Running, jumping, throwing, walking. Athletics – whose first competitions date back to Antiquity – covers a wide range of disciplines. Close-up on some of the most iconic of them… to refresh your memory (just a little).


The 100m is surely the most famous and most followed of all races. Sometimes called the “straight line”, the 100m is the equivalent of the 60m indoor, with a similar technique. As a result, a good 60m runner will generally have facilities in 100m and vice versa.


The 400m is considered as the longest and hardest among the sprinting events. This race requires great concentration and mental strength because the last 100 meters are often very hard. A 400m sprinter must be able to maintain the same speed and quality of stride over the entire distance despite the final fatigue. Running a 400m correctly demands mental stregh to cope well with high amount of lactic acid.


21,097km is the distance of the half marathon, precisely half the distance of the marathon. This mythical event takes its name from the eponymous Greek city where a battle between the Greeks and Persians took place. A Greek soldier, Phidippides, was in charge of bringing the news of the victory to Athens. Out of breath, he died of exhaustion after delivering his message.

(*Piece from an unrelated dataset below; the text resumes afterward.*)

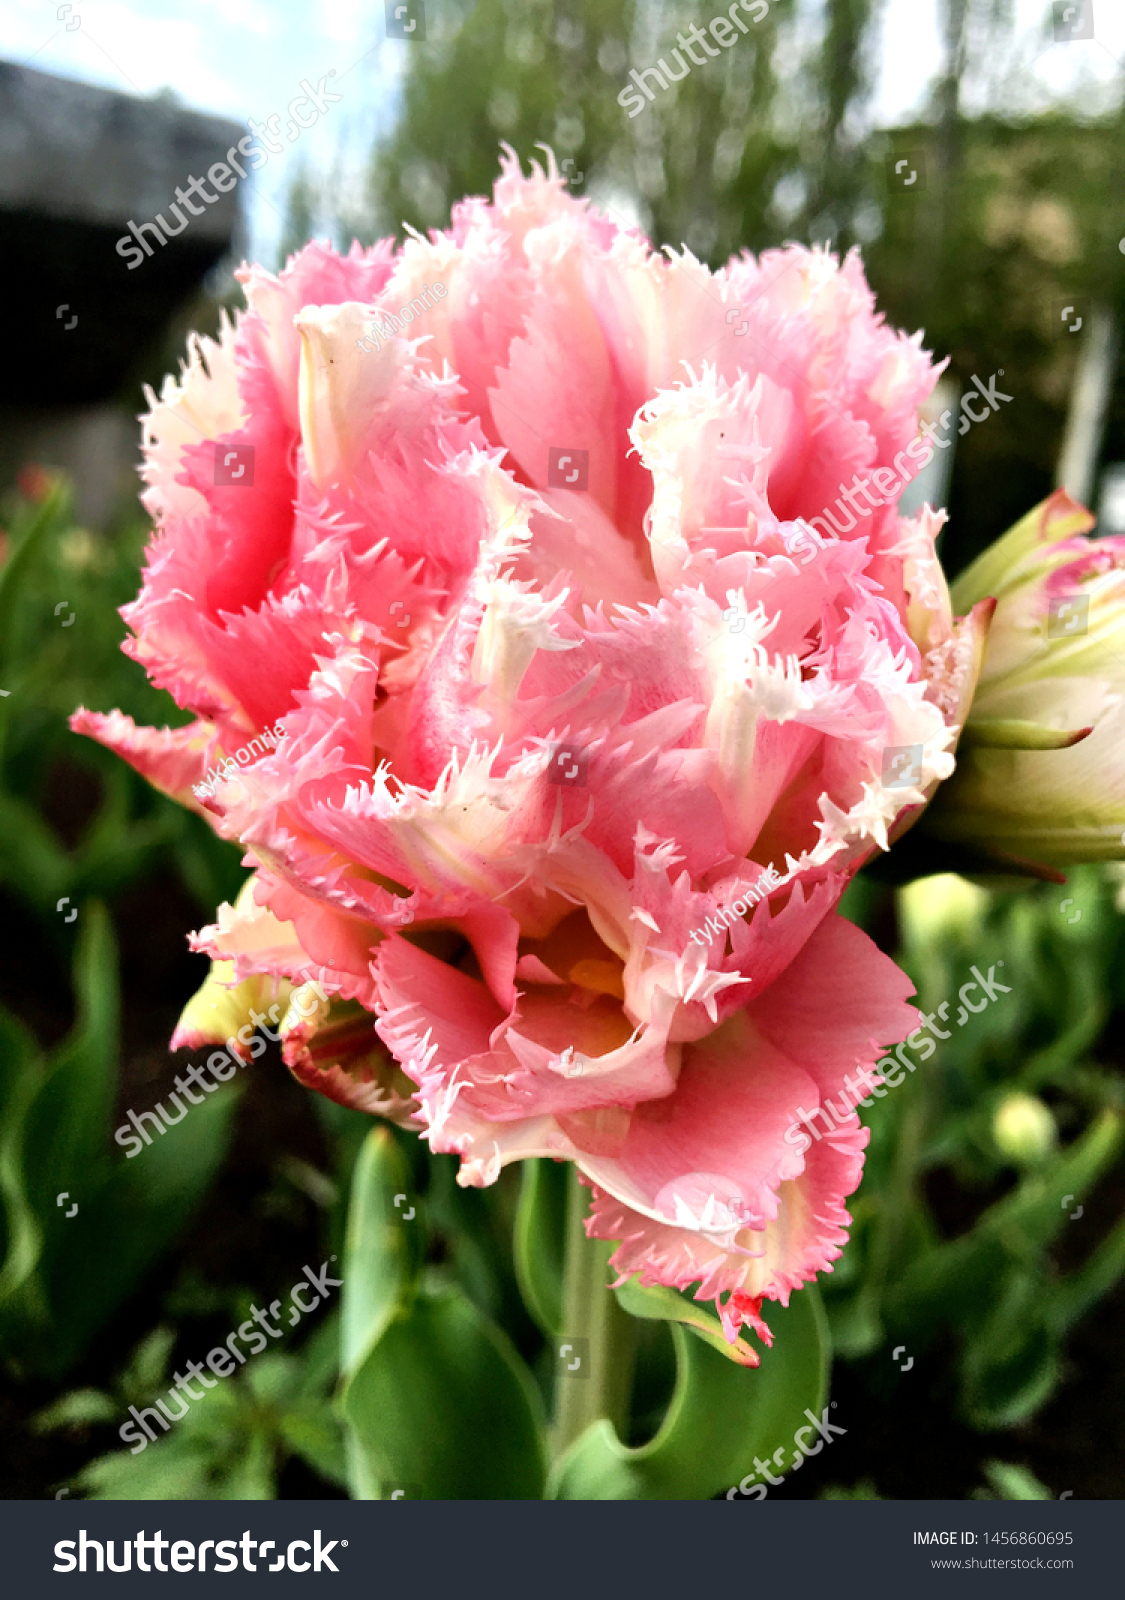 stock-photo-tulip-white-pink-background-

Half marathons are usually not part of the programme of major international competitions. As 2020 is an Olympic year, it replaces the marathon being less physically demanding and consequently allowing marathonians, who will have participated in the Tokyo Olympic Games, to line up at the start.

High Jump

The high jump is an athletics event that differs from the other three jumps as its approach un is not straight. This curved run is one of the elements of the technique known as “the fosbury-flop”, invented by Dick Fosbury.

Pole vault

This is the only jumping event that uses a mandatory accessory to the practice of the event: the pole vault, which influences the athlete’s performance. A pole vaulter is a complete athlete.

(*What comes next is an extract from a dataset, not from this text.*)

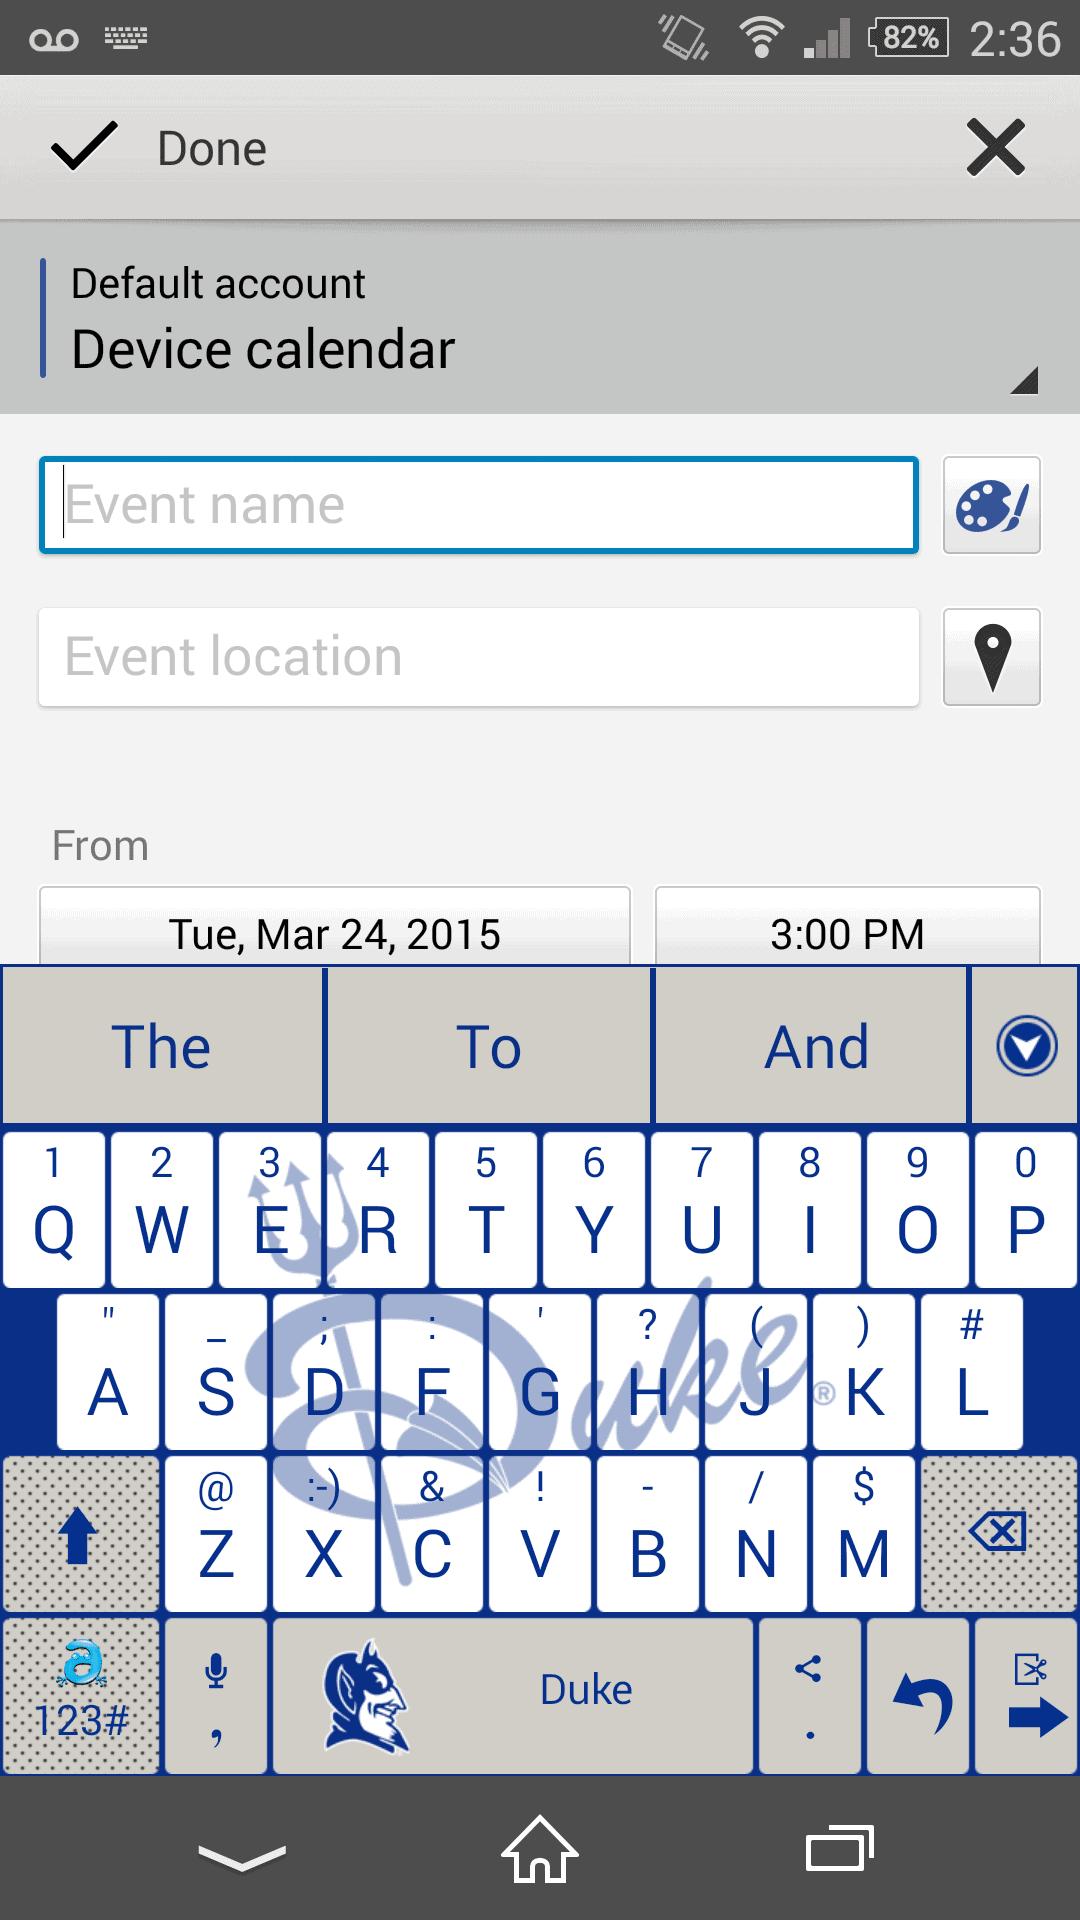 Screenshot (02-36PM, Mar 24, 2015)

The technical approach of the discipline gives a new dimension to the preparation of the pre-run. The counting of the steps, the choice of the right pole and the planting are three things not to be neglected, the first influencing the other two and the second influencing the third.

Discus throw

The Discus throw is a track and field event which consists of throwing a heavy disc as far as possible. The men’s world record for men is held by the German Jürgen Schult since 6 June 1986 with a throw at 74.08m. His compatriot Gabriele Reinsch is the current holder of the women’s world record since 1988 with a 76.80m performance.

Javelin throw

The javelin throw is an athletics event which consists in throwing as far as possible a spear called a javelin made of metal, fiberglass or carbon fiber.
The rules are equivalent to other types of throwing (discus, hammer or shot put). All competitors are allowed six tries. Usually, during official competitions, the competitors are entitled to three attempts. Then the top eight have the opportunity to throw three additional attempts. The winner is the one who has sent the javelin as far as possible, measured to the nearest centimetre.